In today’s Gospel Jesus, for reasons that are not explained, steps outside Israel and into pagan territory. There he encounters a woman who is called a Canaanite. For the contemporary Jews, the very word “Canaanite” was fraught with negative resonance. Canaanites could almost be defined as enemies of God and of Israel; people polluted by the worship of idols, and child sacrifice; people who inhabited the archetypal region of darkness and of death.
Out came Jesus, says the Greek text, and out came a Canaanite woman; and they met. A pagan, an outsider, having no rights whatever among God’s holy people, she nevertheless addresses Jesus by his Messianic title, Son of David. No fewer than three times she gives him the divine title “Lord”, and she prays the prayer of the pious Jew: κύριε ἐλέησόν - Lord have mercy on me! And three times St. Matthew gives the response beginning with the Greek word οὐκ - not! Not a word did he answer; I was not sent; it’s not good to take the children’s bread.

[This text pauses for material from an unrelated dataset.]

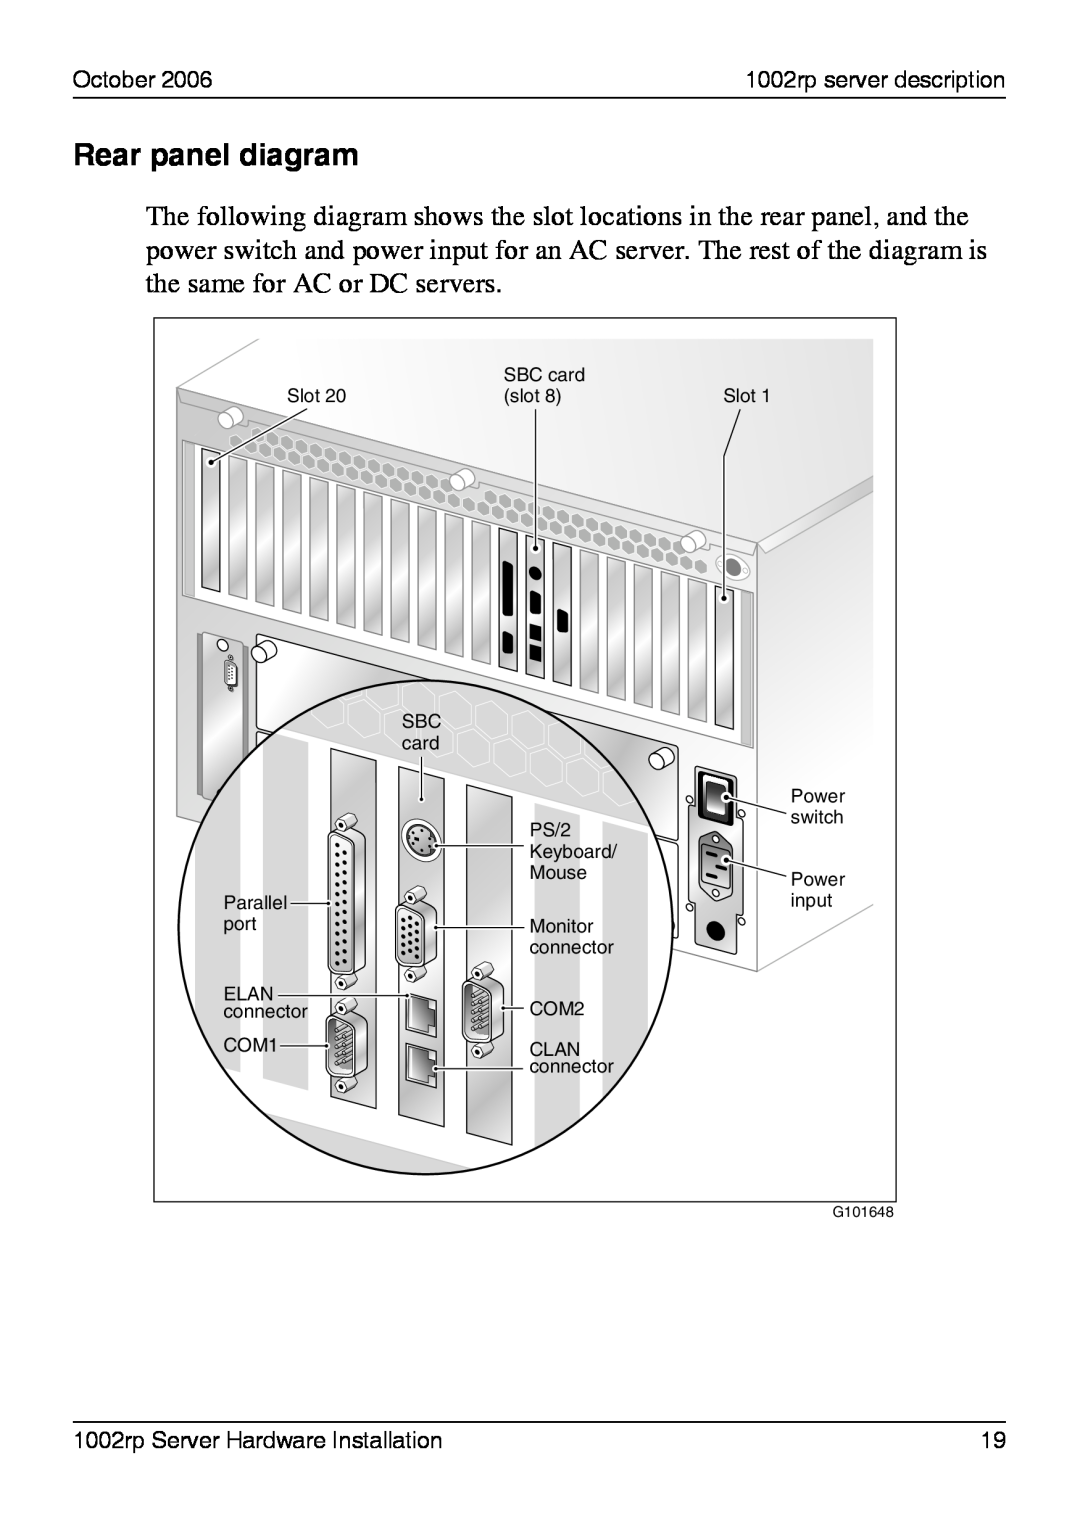 Nortel Networks manual Rear panel diagram, 1002rp server description

But boldly and also humbly the woman perseveres, and she receives high praise from Jesus. As if in wonder and joy he cries out: O woman, great is your faith! We’re reminded of a similar cry when he was confronted by the faith of a pagan Centurion : I have not found such faith in all Israel! (8:10). And we, who read the story, are encouraged to persevere in our prayer, in asking God for what we need, even if at first we seem to be rebuffed, to get nowhere, to meet only discouragement and disappointment. In the context of our Monastic Experience Weekend, we monks continue with insistence to ask the Lord to send us new vocations: because our need, and the need of the whole Church, is very great.
Had she known the Psalm we sang for today’s Introit, the Canaanite woman of the Gospel would surely have said: “I had rather lie down at my master’s feet, underneath his table, eating whatever crumbs he happens to let fall, than sit in the company of Princes at their sumptuous banquets”. And we, who aspire to imitate her perseverance and her humility, and her faith, and the high favour she enjoyed with the Lord, we come now precisely as those who by baptism enjoy the status of children. We are invited to partake of more than mere crumbs thrown down; more by far than any earthly feast. No: we are offered now the Bread of Angels, the food of life, the medicine of immortality, the pledge of eternal glory. We come now to receive Jesus himself, in his Body and his Blood: given to us, in order to sustain us on our pilgrim way towards our heavenly homeland.